El valle de las luces (título original, Valley of Lights, publicada en 1987) es un correctísimo thriller de terror sobrenatural, cuyas críticas en España no han sido demasiado favorables, pero que a mí me ha parecido mucho mejor de lo que esperaba. Volchack es el narrador, y resulta un tipo extremadamente simpático, quizá por su sinceridad y por ser un individuo que relata sus desgracias, pero no se queja en ningún momento. Ni una sola vez. Es magnífico tener a un poli en primera persona que no se dedica a llorar por los rincones y a emborracharse para olvidar sus penas. Como agente, lo podría emparentar con cualquiera de los Muchachos de la Comisaría 87 de McBain, y allí no habría desentonado. Probablemente, a Volchack le hubiera gustado el ambientillo de Isola.
Ahora bien, el caso que nos cuenta es más propio de Twilight Zone que de Hill Street Blues. De eso no hay duda.
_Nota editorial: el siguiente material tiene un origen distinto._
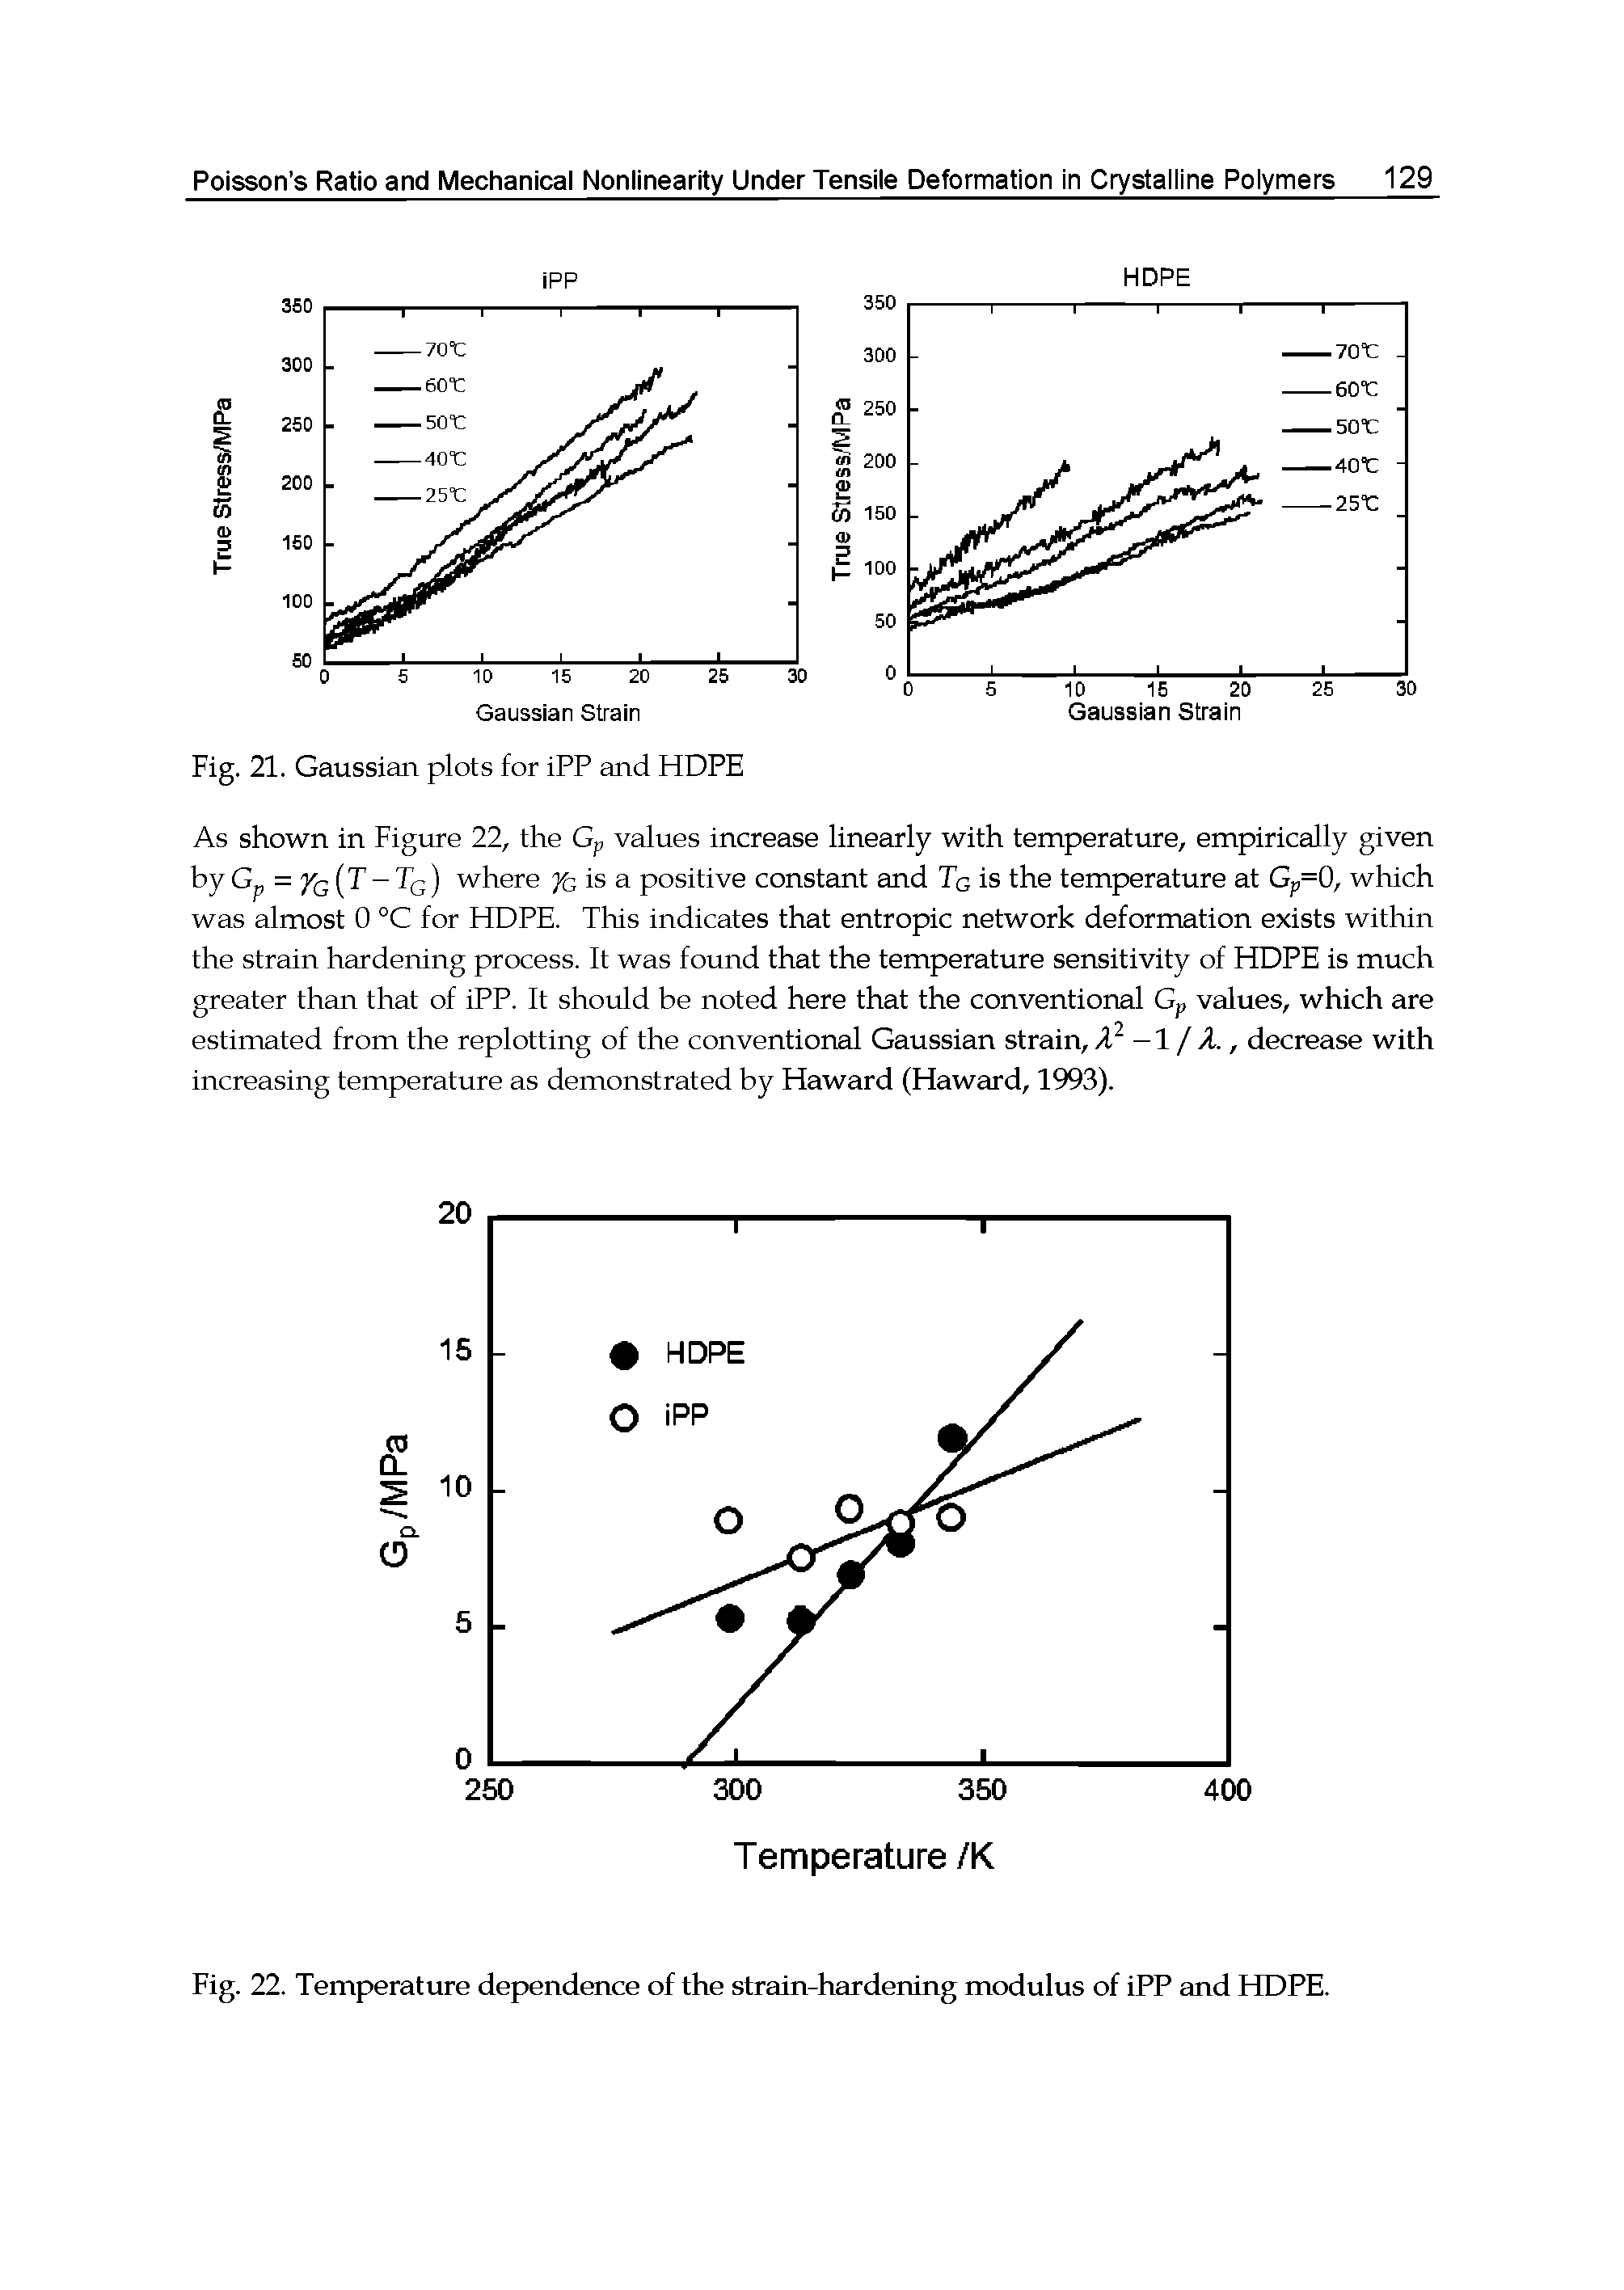 Fig. 22. Temperature dependence of the strain-hardening modulus of iPP and HOPE.

Me gusta mucho el hibridaje entre el género policial y el terror (thriller de terror, como decía más arriba), que suele estar adscrito al subgénero de los asesinos en serie. Pero cuando se le añade el elemento sobrenatural al relato más o menos procedimental, tenemos una bomba de entretenimiento... si se hace bien. Y Stephen Gallagher, escritor de televisión y novelista, lo hace de forma excelente y muy efectiva. No recurre al gore en ningún momento, aunque tampoco oculta la violencia. Y la hay a mansalva en estas páginas, más de la que uno podría imaginar al comenzar a leerla.
En las reseñas anglosajonas que he cotejado, se menciona un hecho importante, y es que Gallagher es británico y, sin embargo, triunfa de forma espectacular al retratar una ciudad tan americana como es Phoenix y a sus habitantes, y no comete el más mínimo error en ese sentido. No recuerdo quién era el reseñista, pero mencionaba que Clive Barker lo había intentado, con resultados irregulares, y que James Herbert ni siquiera se lo había planteado.
Bien por Gallagher.
Nuestra novela, traducida con gran efectividad y sin altibajos ni errores por Mónica Martín en 1991 para Editorial Vidorama, tuvo segunda vida en castellano en la heredera de la anterior, Editorial Ágata, un sello de Librerías Sánchez, S. A. (que a todos nos sonará más como LIBSA). Las colecciones de Vidorama y Ágata son muy conocidas como viejas amigas de los cazadores de saldos y salteadores de mercadillos, y ambas compartían una horripilante estética en prácticamente todas las portadas (de agencia), que denotaban poca seriedad (o pésimo gusto, o un presupuesto ajustado) en el editor. Sin embargo, los textos que se publicaron estaban, en general, bien traducidos y no ahorraban demasiado en páginas, esto es, en el tamaño de la tipografía. Por estas colecciones, la mayoría sin título ni numeración, desfilaron autores como Ramsey Campbell, Richard Laymon, Richard Matheson, Whitley Strieber o John Farris, y este Valle de las luces bien podría haber sido un título más de la mítica Gran Súper Terror, pues no tiene nada que envidiarle a otros títulos de la colección de Martínez Roca. (Bueno, sí: la portada. Tira para atrás con sólo verla. Y la de Vidorama es aún peor).
Solo puedo poner una pega real, y es que años después de que esta novela se publicara, se produjo una buena película de Hollywood, bastante conocida, con estrellas de primera fila, que calca la idea principal de la historia. Es de 1998. Y no voy a decir cuál es, pues eso sería destripar el argumento auténtico de la novela. Aunque debería darme igual, porque en Vidorama, no se cortaron en contarlo en la mismísima portada, que reproduzco por aquí, debidamente CENSURADA.